This historic live recording by a stellar ensemble of Latin-jazz titans at the Grand Theater of Havana, Cuba, is now available, as double album (1 CD + 1 DVD + a 24 pages booklet) or download (audio only). Featuring the Havana Chamber Orchestra
Twelve years ago, I wrote about Orlando “Maraca” Valle as the Great White Hope of the Cuban flute. Today, he is its finest exponent, and Live At The Grand Theater of Havana is the album he was born to make.
Maraca is a man of many guises. He can play those perfectly round notes like his mentor, Richard Egues, or he can set his flute aflutter buzzing and riffing to his heart’s content. At all times, he is unmistakably Maraca.
Ever since his début album, Fórmula Uno, Maraca has been stretching beyond traditional Cuban music into Latin Jazz. Paying homage to his elders, but always with an eye to the future.
In this live recording Maraca is accompanied by his Latin Jazz All Stars, and the title is not hyperbolic. Horacio “EL Negro” Hernández, Latin master of the extended drum kit, matches Maraca’s versatility, commanding a palette that ranges from the terribly tender to the simply terrific. Harold López-Nussa, still in his twenties, is making Uncle Ernán very proud. He can stand a montuno on its ear, bring in da funk with his fills or evoke the giddy heights of a Chucho Valdés flight of fancy, from one moment to the next, without prior notice. Giovanni Hidalgo is the Tasmanian Devil of the conga drums, playing six of the them at the same time, probably because there is no room for more on stage. He knows his Tata Guines down to his fingernails, and he learned Patato’s music lesson well.
From Canada, by was of Ronnie Scott’s in London, comes Hugh Fraser and his cosmopolitan trombone. Those who’ve heard David Sánchez emote with Charlie Haden and the Prague Symphony know his tenor sax goes down easy like the vintage red wines he enjoys. One of the album’s many delights is listening to violinist Sayaka trading fours with Maraca. Of course, she hails from Japan, where Cuban music is second only to its own, and not by much. Feliciano Arango is a true feliciano, or happy-go-lucky fellow. Listen to his electric bass holding the fort in the absence of a piano in “Manteca”. Enrique Lazaga is a guiro practitioner to remember, half-a-century after Gustavo Tamayo.
It is distinguished company that Maraca keeps in this album, but it is the Orquesta de Cámara de La Habana under the direction of Iván del Prado, that takes the album to another level. Listen to the audience respond to the pizzicato fugue near the end of Guido López-Gavilán’s “Camerata en Guaguancó”. When was the last time you heard a chamber orchestra in a Latin Jazz concert? It is the Orquesta that brings Maraca’s gift for melody (in both composition and performance) to its fullest expression.
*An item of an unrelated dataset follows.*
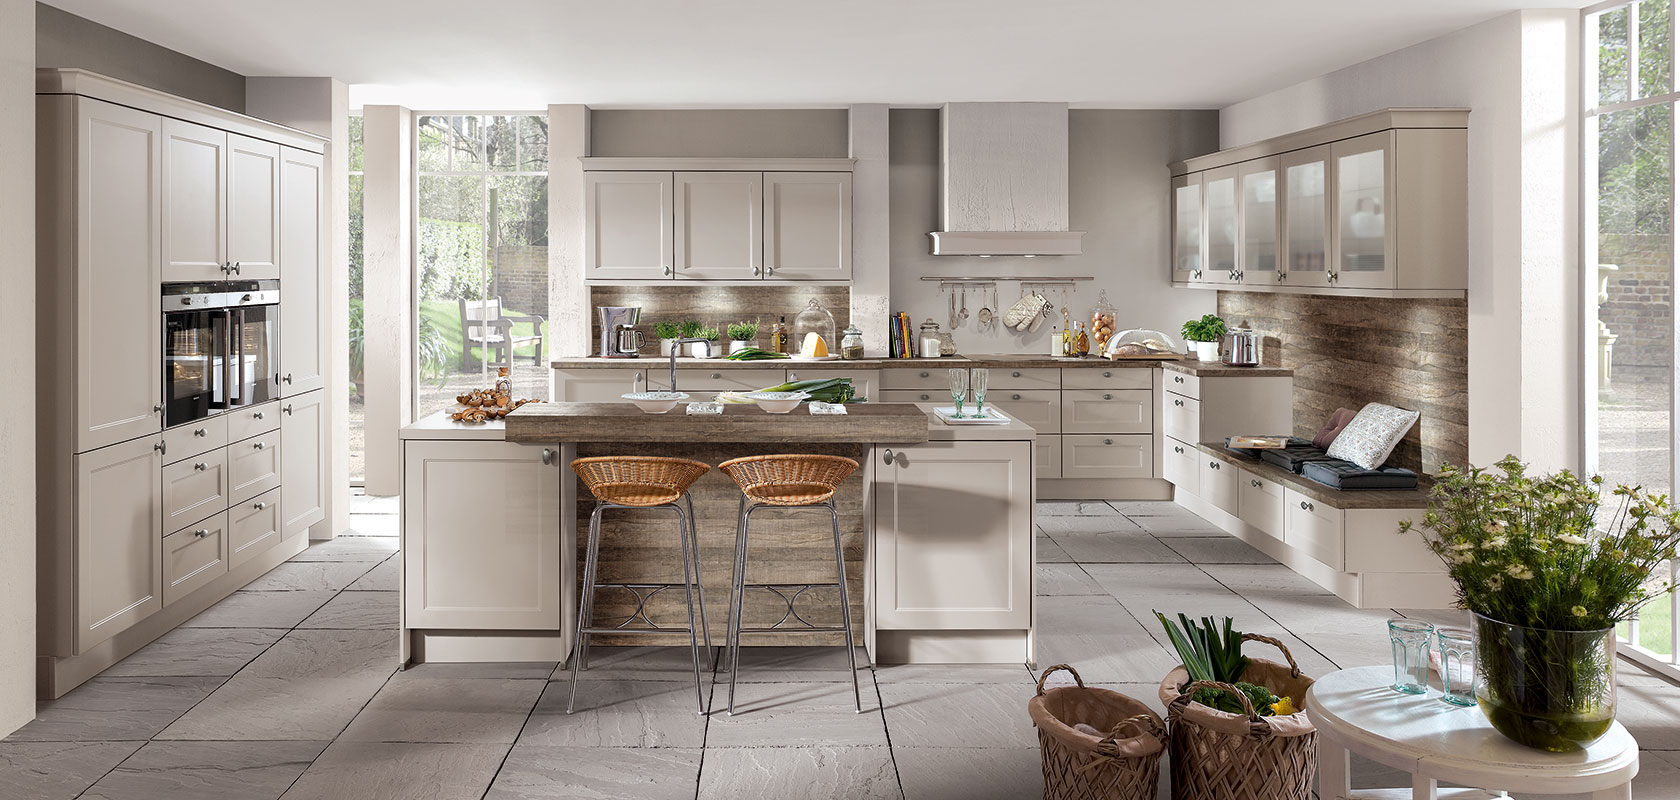 Espaciosa cocina moderna con gabinetes beige, una isla con taburetes de mimbre y electrodomésticos de acero inoxidable iluminados por luz natural de grandes ventanas.

Maraca’s own “Danzón Siglo XXI” can sit beside Cervantes’ “Serenata Cubana” without blushing. His “Afro” may not be as blue as Mongo’s, but it is haunting on its own.
Some artists, having attained a considerable measure of acclaim, sit back and rest in their laurels. Regrettably, this has happened only too often in Latin Jazz. A sameness pervades much of this genre’s output in the past decade. The same old warhorses are trotted out to ever diminishing results. Boredom sets in. It takes something like Live At The Grand Theater of Havana to make you prick up your ears and renew your faith in the music.